Nvidia Network Operator Helm Chart provides an easy way to install, configure and manage the lifecycle of Nvidia Mellanox network operator.
Nvidia Network Operator leverages Kubernetes CRDs and Operator SDK to manage Networking related Components in order to enable Fast networking, RDMA and GPUDirect for workloads in a Kubernetes cluster. Network Operator works in conjunction with GPU-Operator to enable GPU-Direct RDMA on compatible systems.
The Goal of Network Operator is to manage all networking related components to enable execution of RDMA and GPUDirect RDMA workloads in a kubernetes cluster including:
For more information please visit the official documentation.
Nvidia Network Operator relies on the existance of specific node labels to operate properly. e.g label a node as having Nvidia networking hardware available. This can be achieved by either manually labeling Kubernetes nodes or using Node Feature Discovery to perform the labeling.
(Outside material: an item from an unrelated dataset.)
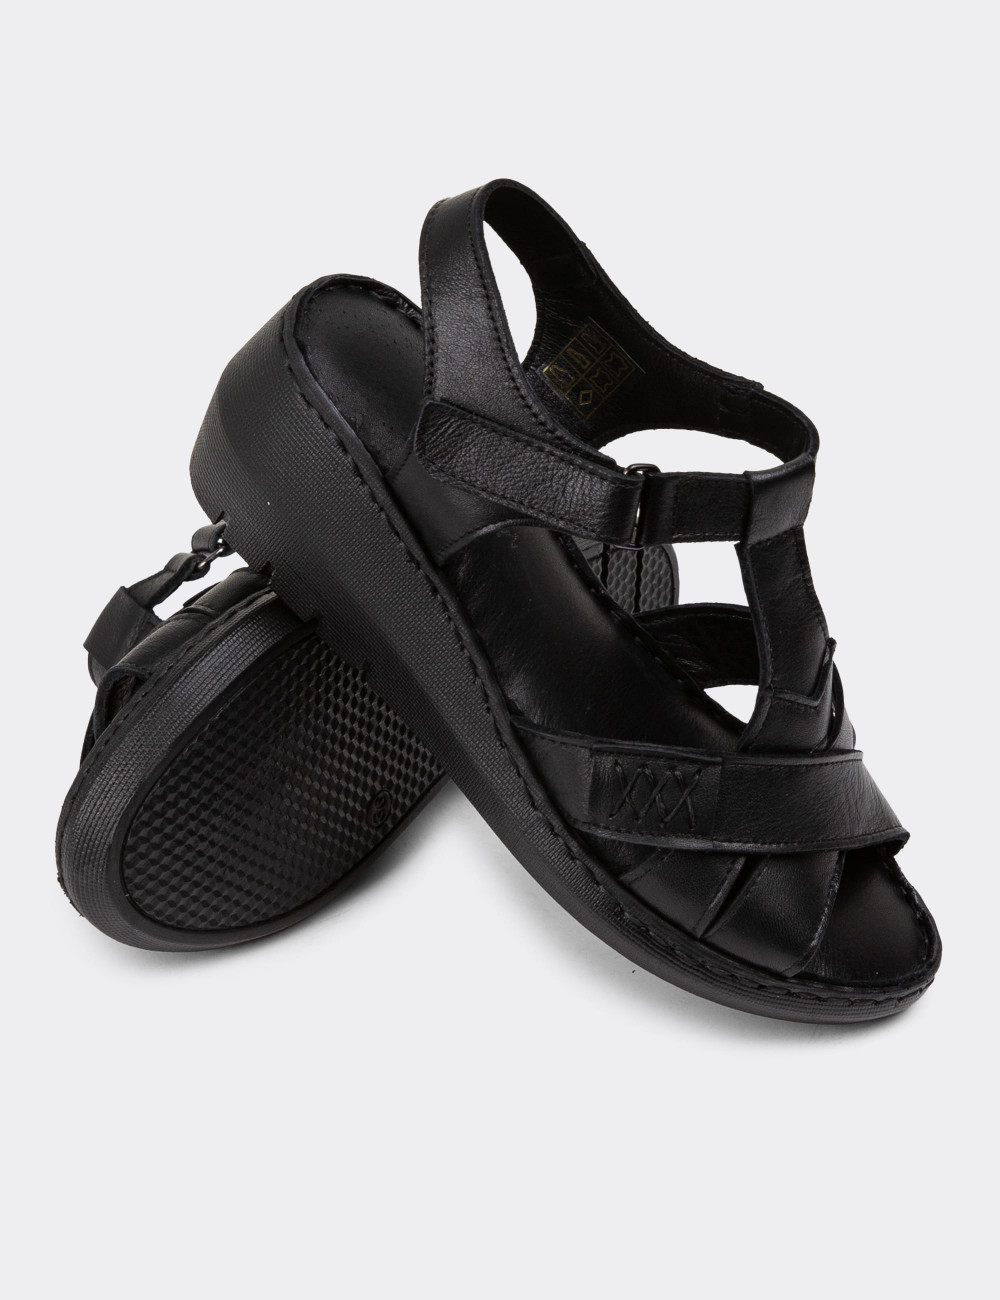 Hakiki Deri Siyah Dolgu Topuk Kadın Sandalet - SE111ZSYHC01

To allow zero touch deployment of the Operator we provide a helm chart to be used to optionally deploy Node Feature
Discovery in the cluster. This is enabled via nfd.enabled
chart parameter.
Nvidia Network Operator can operate in unison with SR-IOV Network Operator to enable SR-IOV workloads in a Kubernetes
cluster. We provide a helm chart to be used to optionally
deploy SR-IOV Network Operator in the cluster. This is
enabled via sriovNetworkOperator.enabled
chart parameter.
SR-IOV Network Operator can work in conjuction with IB Kubernetes to use InfiniBand PKEY Membership Types
For more information on how to configure SR-IOV in your Kubernetes cluster using SR-IOV Network Operator refer to the project’s github.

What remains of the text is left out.